Бэрон отвез Билли домой под поздним унылым дождем.

– Кэт взглянет на твою систему безопасности, – сказал он.

– У меня ее и нет.

– Что ж, ладно.

– Теперь я не хочу, чтобы с тобой что-нибудь случилось, – сказала она. – Раз уж ты стал таким ценным. – Он покосился на нее. – И еще: несколько дней не пускай никого, кого не знаешь.

– Прикалываетесь?

– Слушай, они не дураки, – сказал Бэрон. – Они понимают, что мы следим. Но у них к тебе есть вопросы, это очевидно, а на что порой ни толкает любопытство. Так что безопасность прежде всего, да? – Он повернулся к Билли на заднем сиденье: – Мне это нравится не больше твоего. Ну ладно, возможно, тебе это нравится еще меньше моего. – Он рассмеялся.

– Разве вы не должны меня защищать? – спросил Билли.

– «Хочешь быть в моей банде, банде, банде», – напела Коллингсвуд.

– Гэри Глиттер? – спросил Билли. – Серьезно?

– Я бы не сказал, что твоя жизнь под угрозой, – заметил Бэрон. – Я бы сказал, в самом худшем случае – так, под угрозочкой. Мы не говорим – не впускай никого вообще…

– Ну, я вот говорю, – сказала Коллингсвуд, но Бэрон продолжил:

– …если ты доверяешь этому человеку – все замечательно. Просто будь осторожней. Ты мелкая сошка. Они уже получили, что хотели.

– Кальмара, – сказал Билли.

– Коллингсвуд установит надежную систему безопасности. Все будет хорошо. И знаешь, если примешь наше предложение – мы ее сделаем еще лучше.

Билли уставился на них:

– Это не предложение работы. Это крышевание. Причем наглое.

Коллингсвуд поцокала языком.

– Не можешь без истерики, да? – сказала она. Потрепала его по щеке. – Это льготы, понял? Они есть на любой работе.

Бэрон повел Билли на кухню, пока Коллингсвуд хлопотала у входной двери. Она задумчиво оглядела коридор, шкафчик, где Билли хранил ключи и почту. Видок у нее был еще тот – модно неухоженная, сигарета повисла в губах, как во французском кино, стояла на носках, тыкала в верхний угол косяка с уверенностью и точностью, которые не ассоциировались у Билли с такой молодостью.

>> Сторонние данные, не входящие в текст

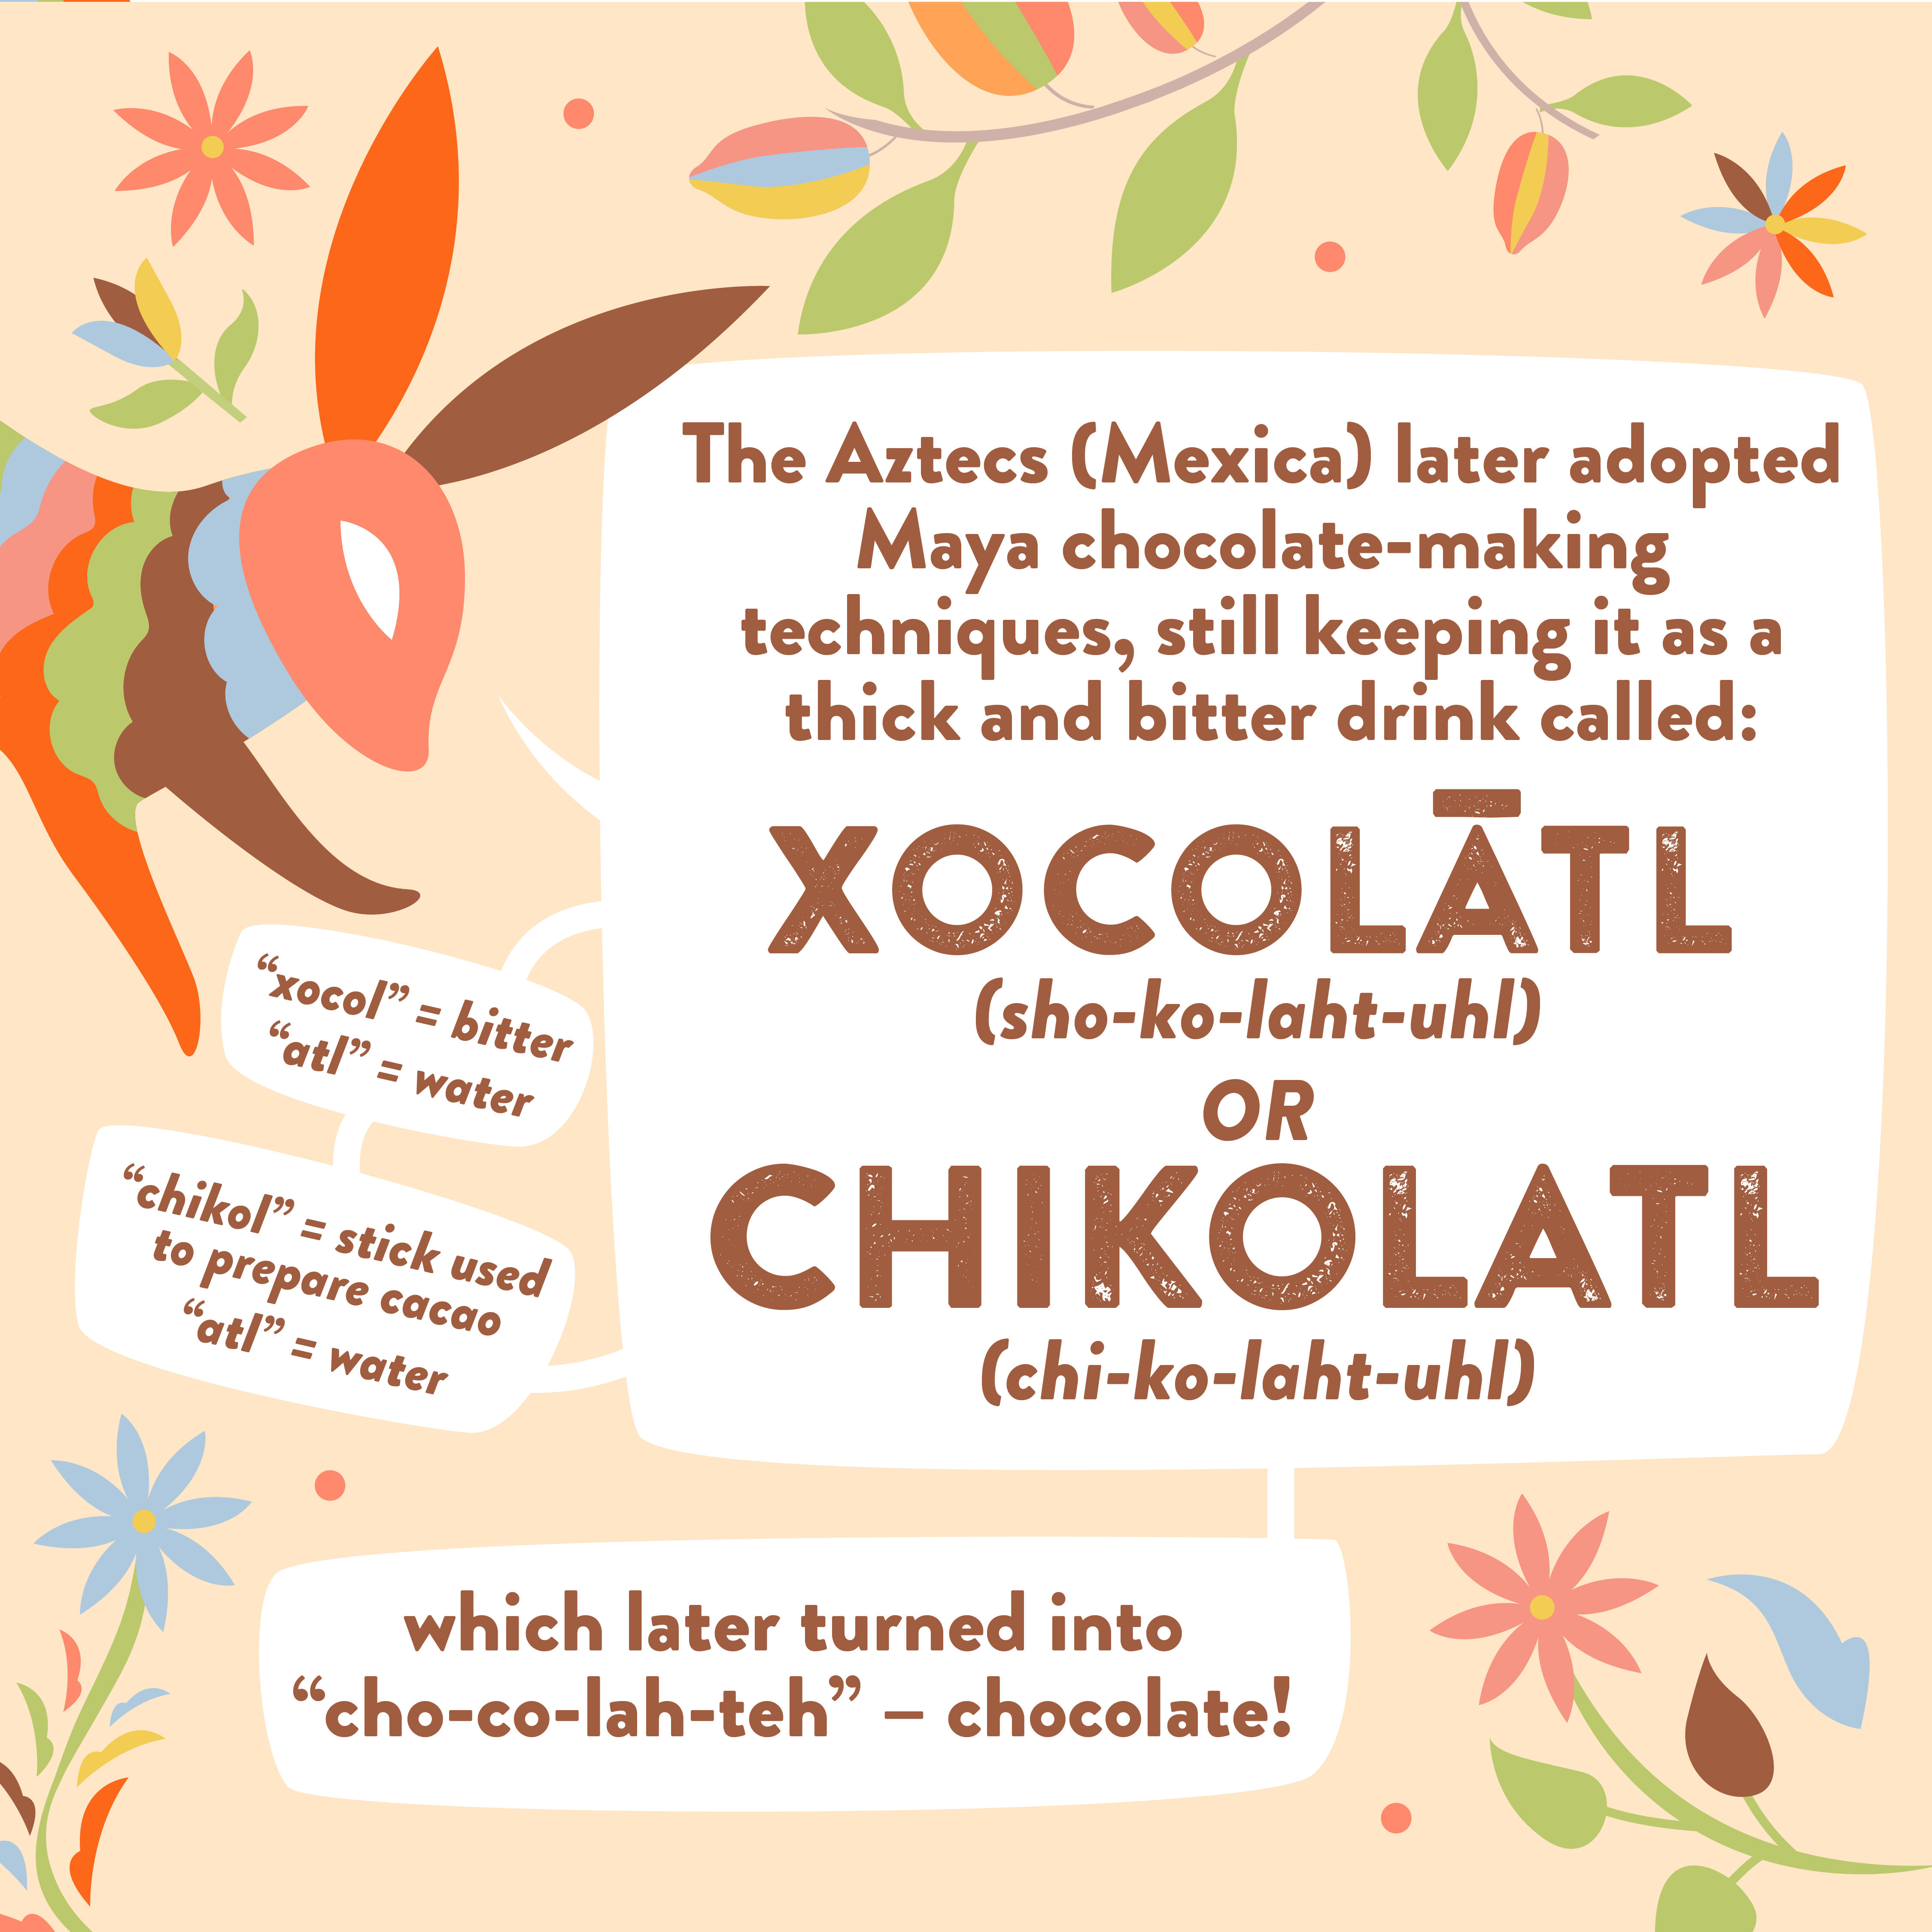 The history of chocolate, where does chocolate come from?

– Понимаешь, о чем мы говорим? – спросил Бэрон. Без спроса порылся на кухне в поисках кофе. – Уходить с работы не придется. Только день в неделю, не больше, чтобы провести время с нами. Для обучения. Экстремальная теология, самозащита. Да еще и платят. – Он отпил. – Надо думать, все это может показаться чересчур.

– Да вы что, охренели? – сказал Билли. – Чересчур? Я только что нашел замаринованного человека. Меня вербуют копы, которые рассказывают, что на меня охотится культ Ктулху…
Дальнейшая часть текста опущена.